Required work
Nothing but the lines from the one containing "ArtStation - Naruto" through the last line of the data below should be returned, each exactly as it stands, pictures excluded.

Given information
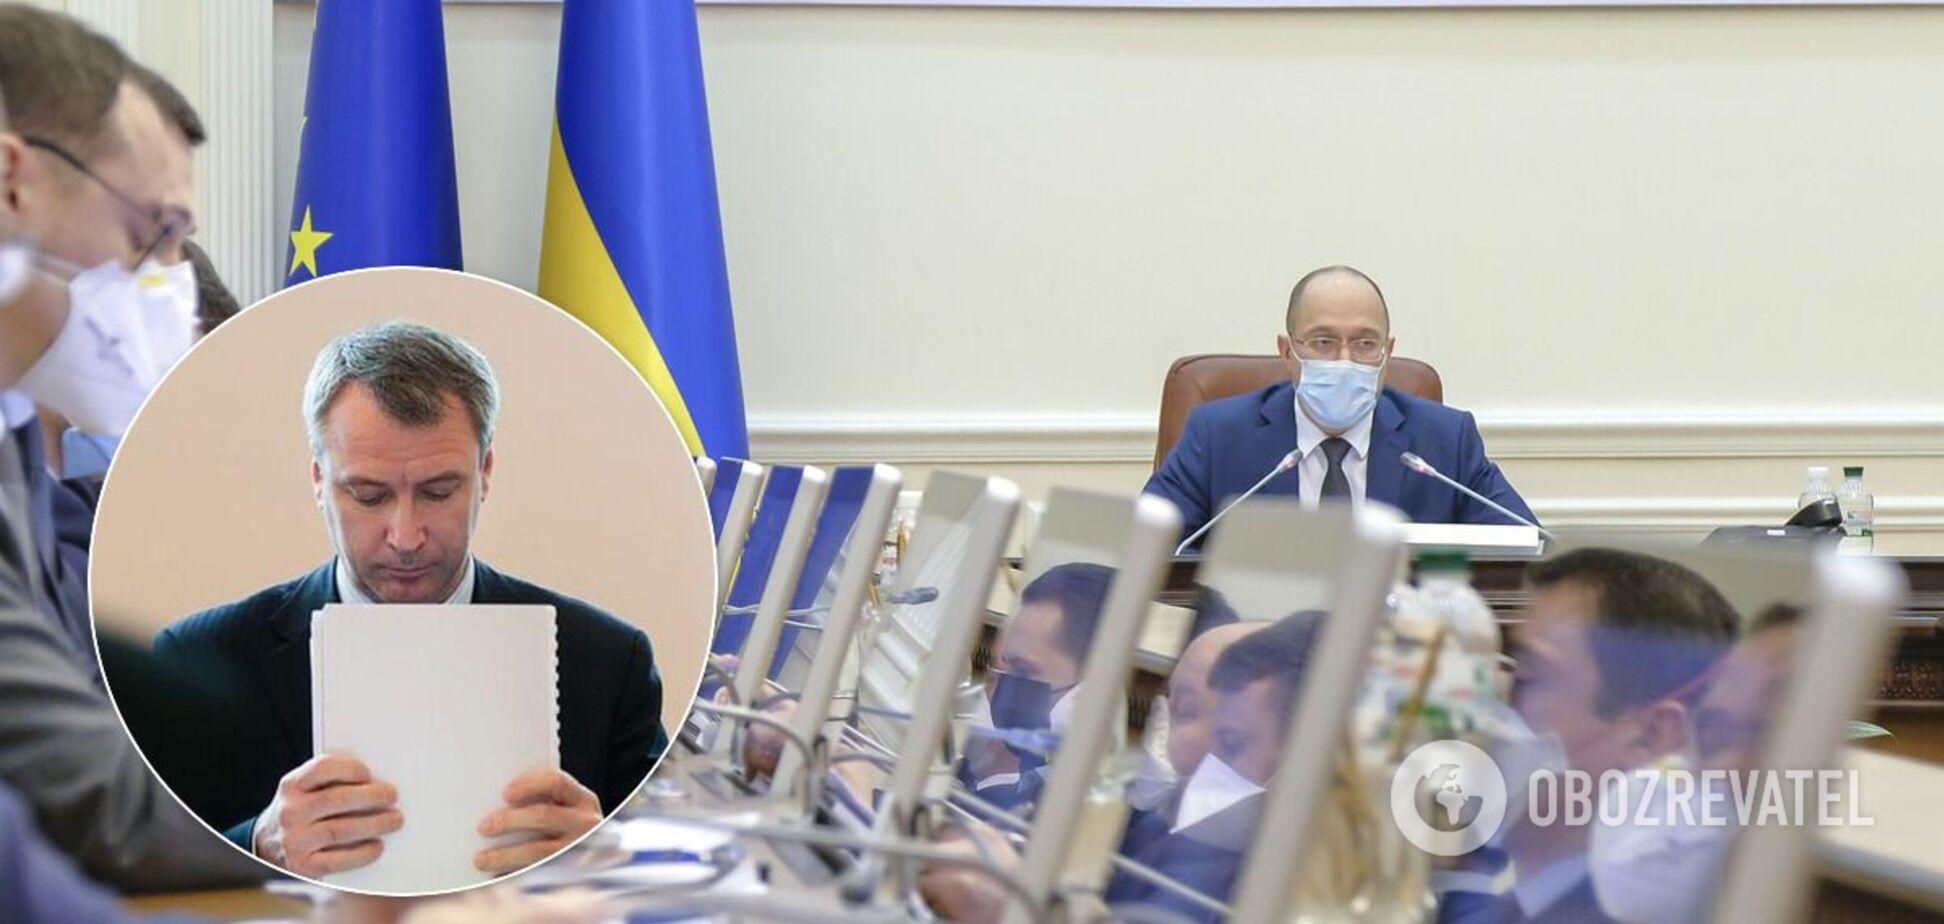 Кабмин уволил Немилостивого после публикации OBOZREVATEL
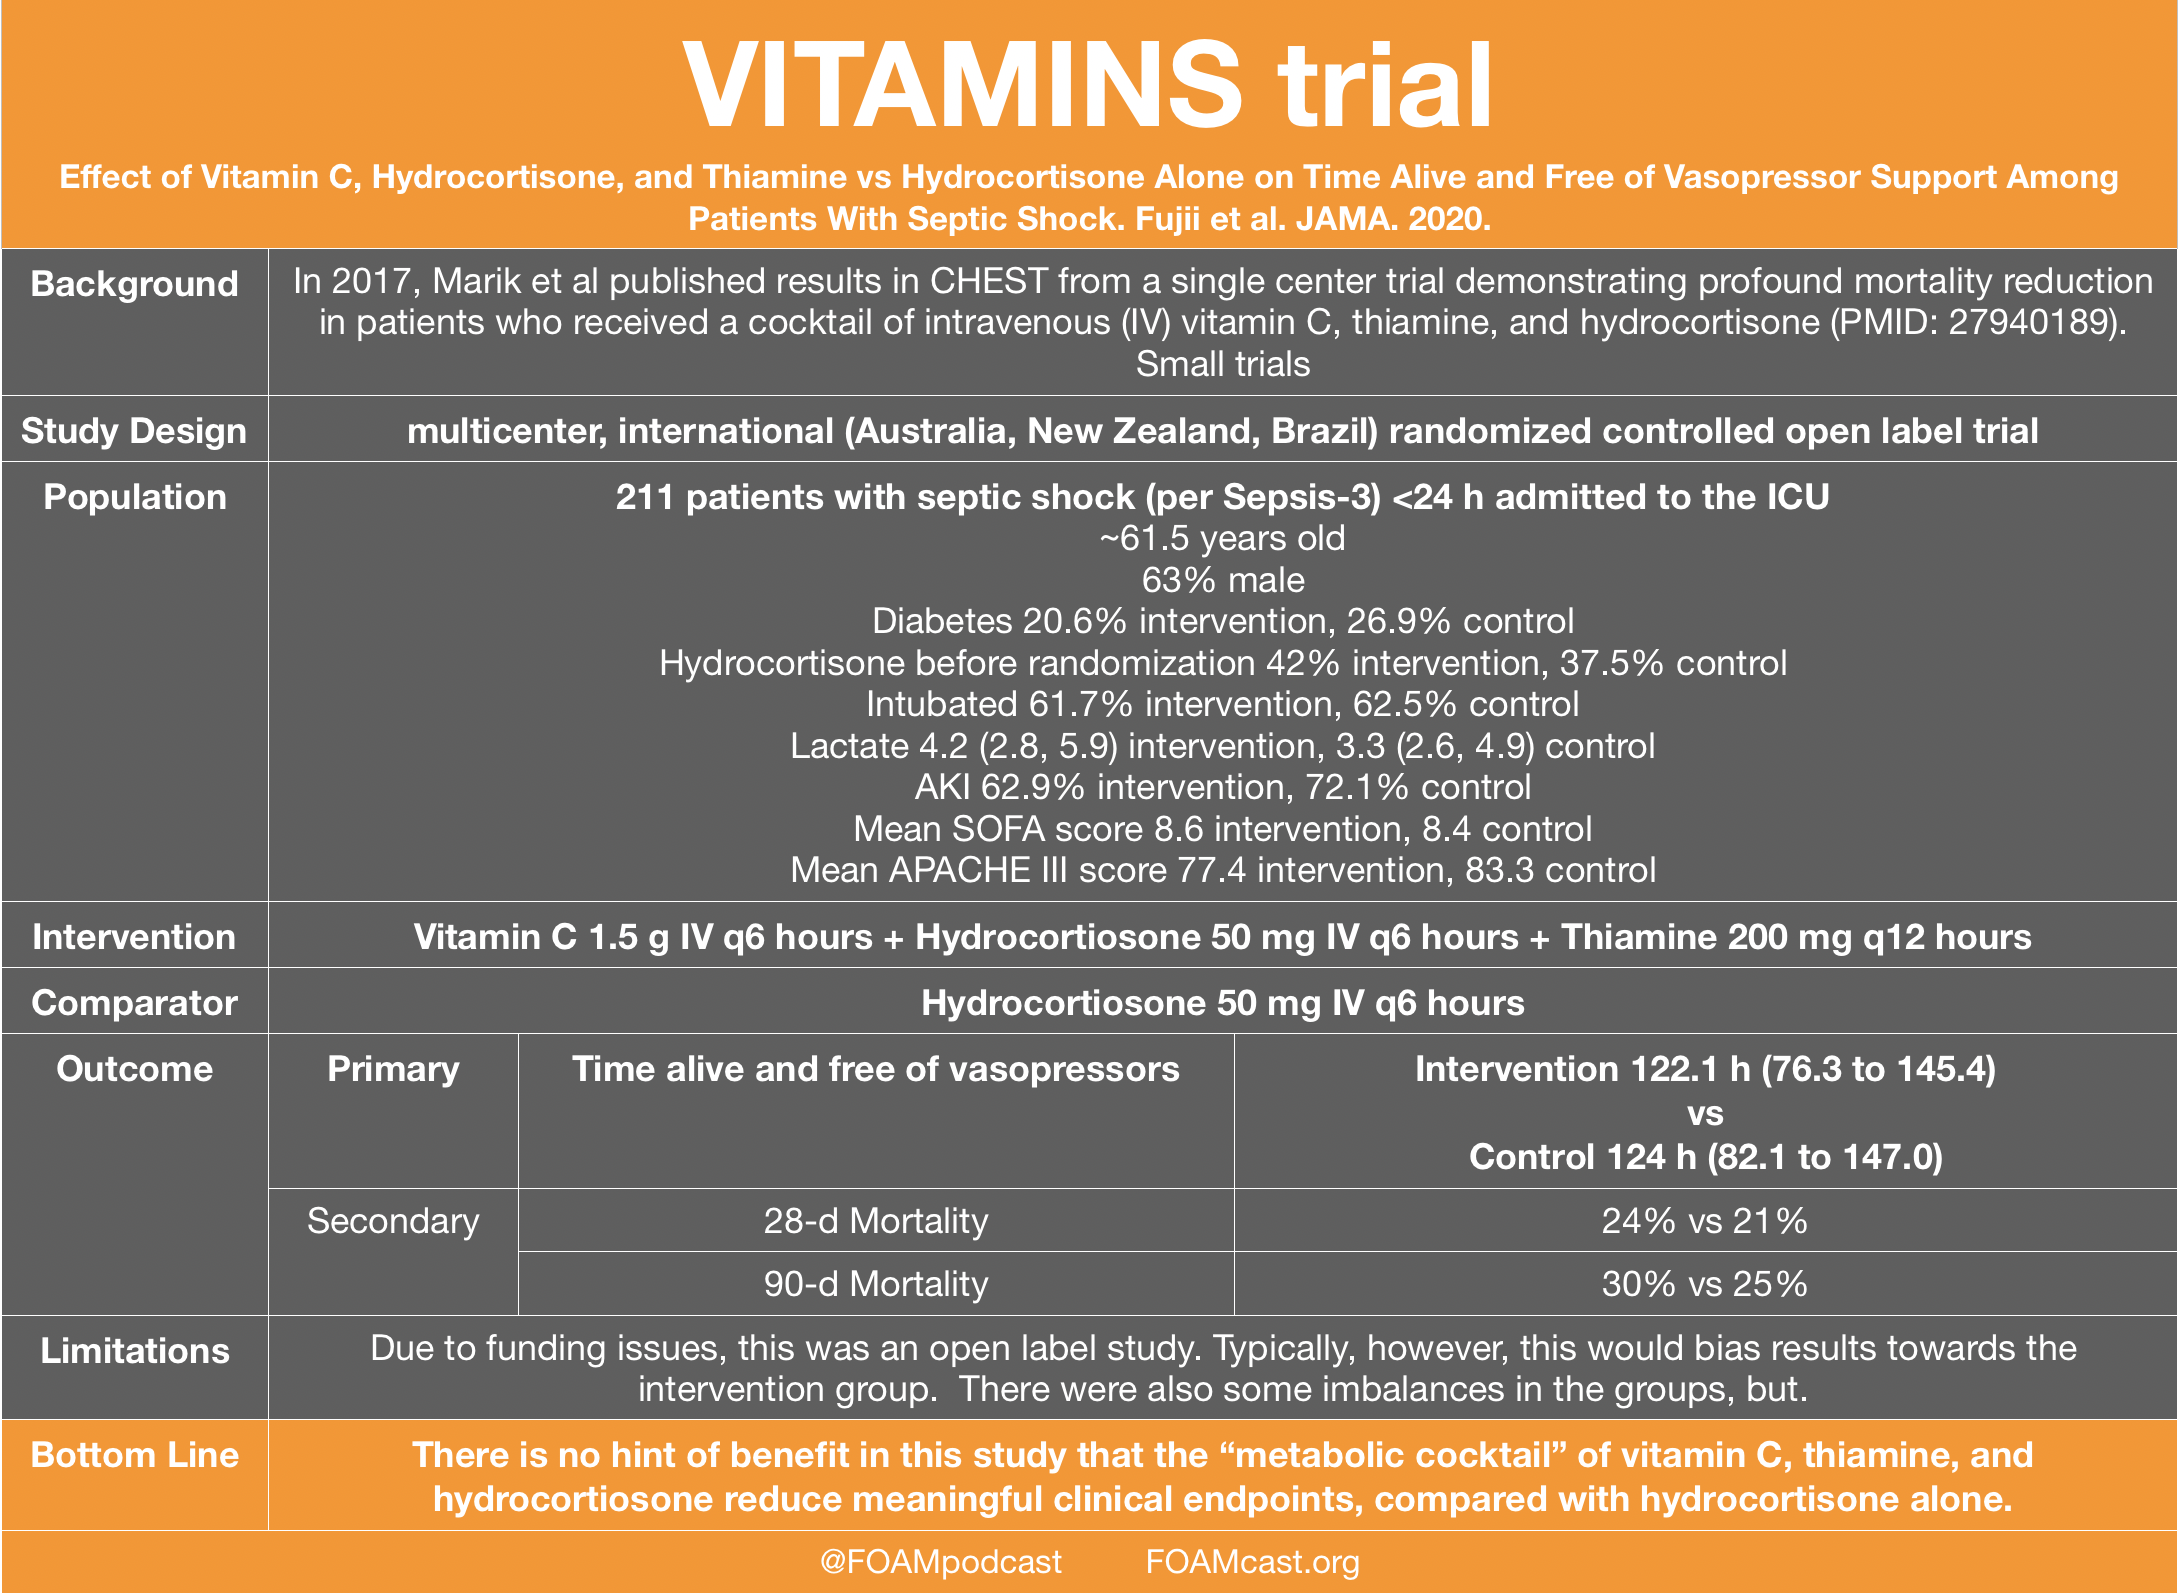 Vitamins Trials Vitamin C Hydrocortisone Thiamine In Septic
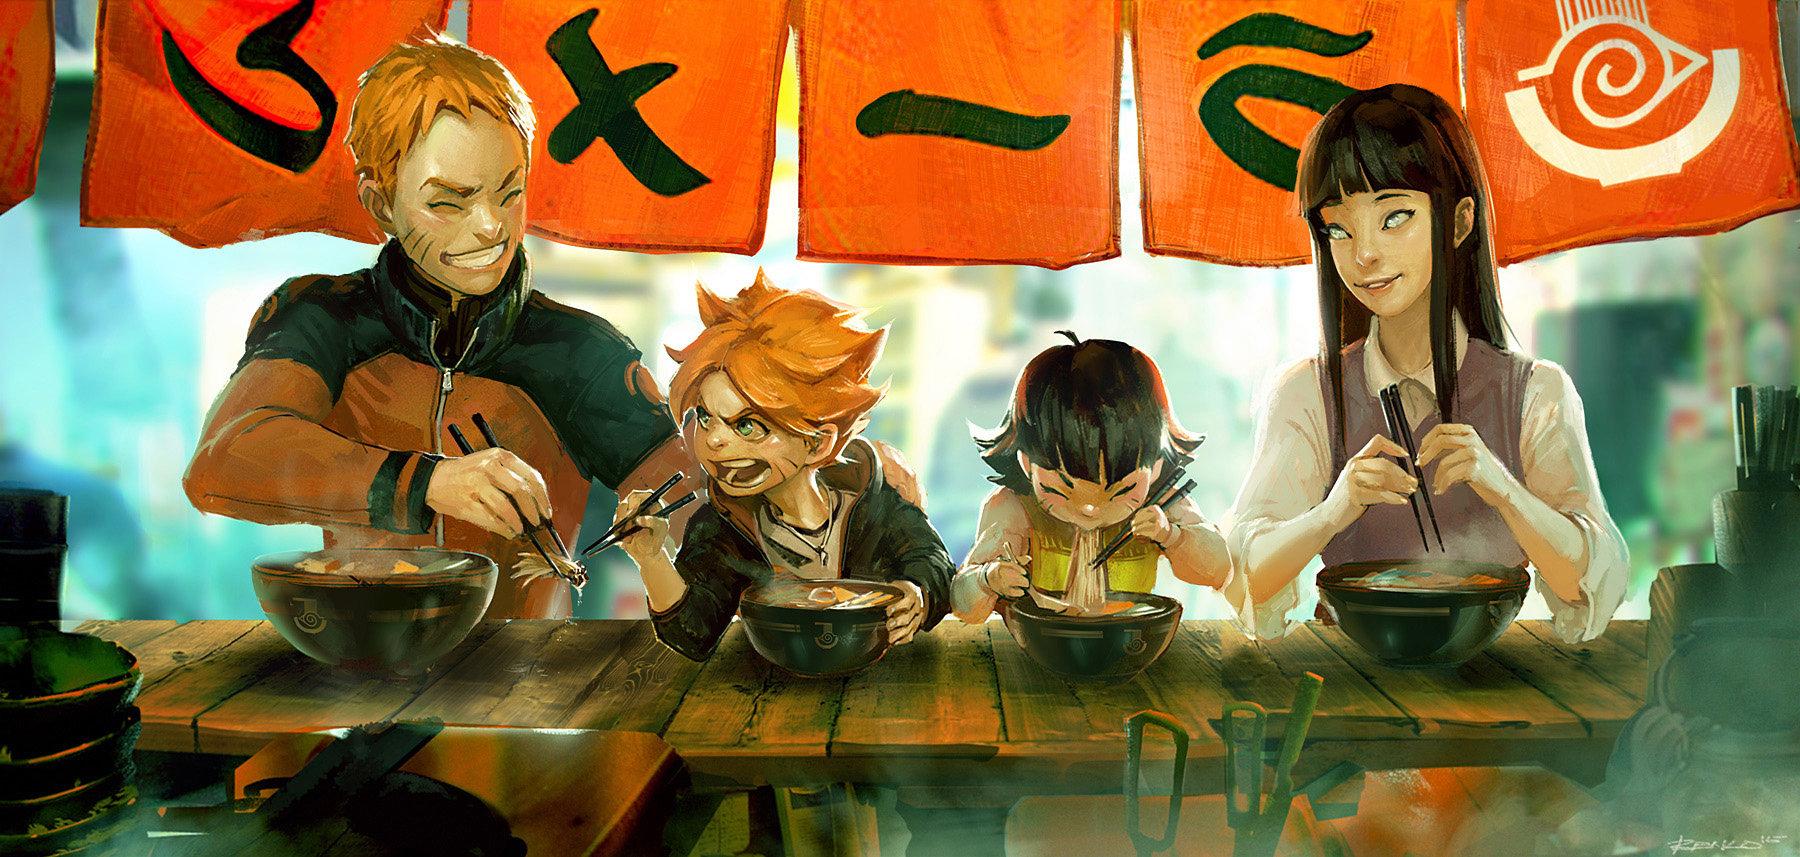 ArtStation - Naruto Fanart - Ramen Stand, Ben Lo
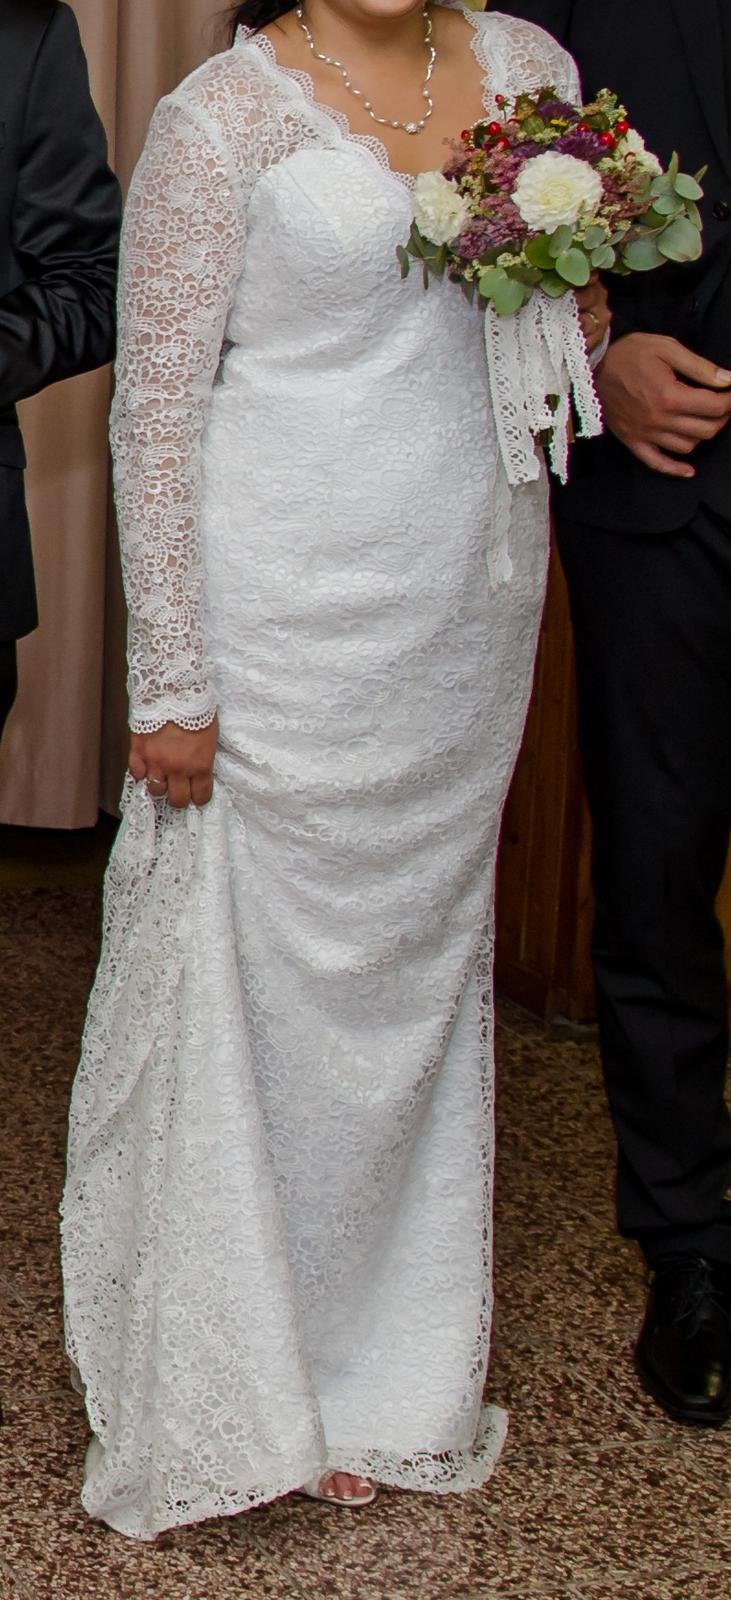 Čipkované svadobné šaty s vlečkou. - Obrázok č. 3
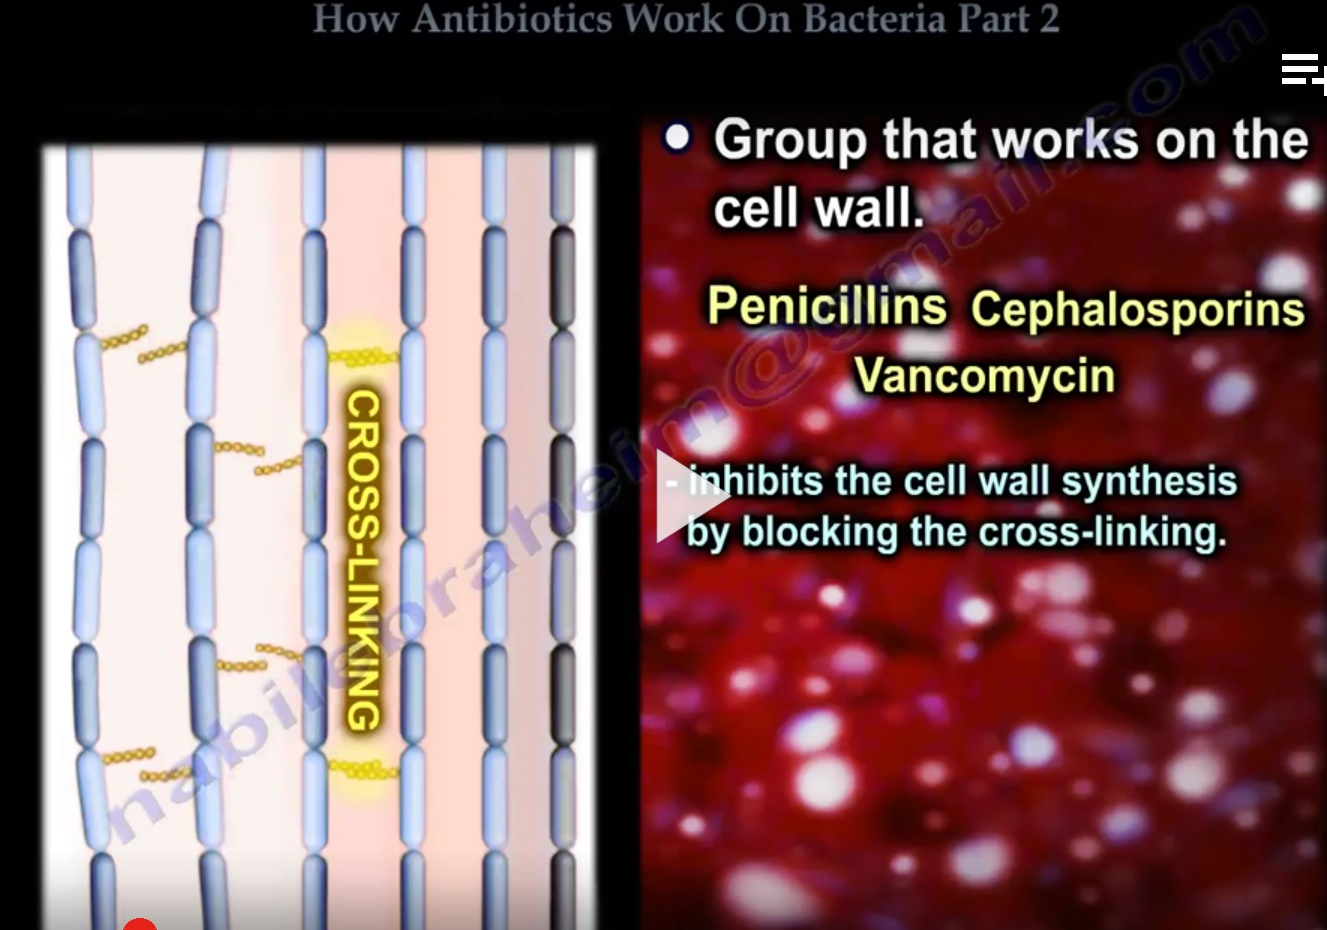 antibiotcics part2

Exercise solution
 ArtStation - Naruto Fanart - Ramen Stand, Ben Lo
 Čipkované svadobné šaty s vlečkou. - Obrázok č. 3
 antibiotcics part2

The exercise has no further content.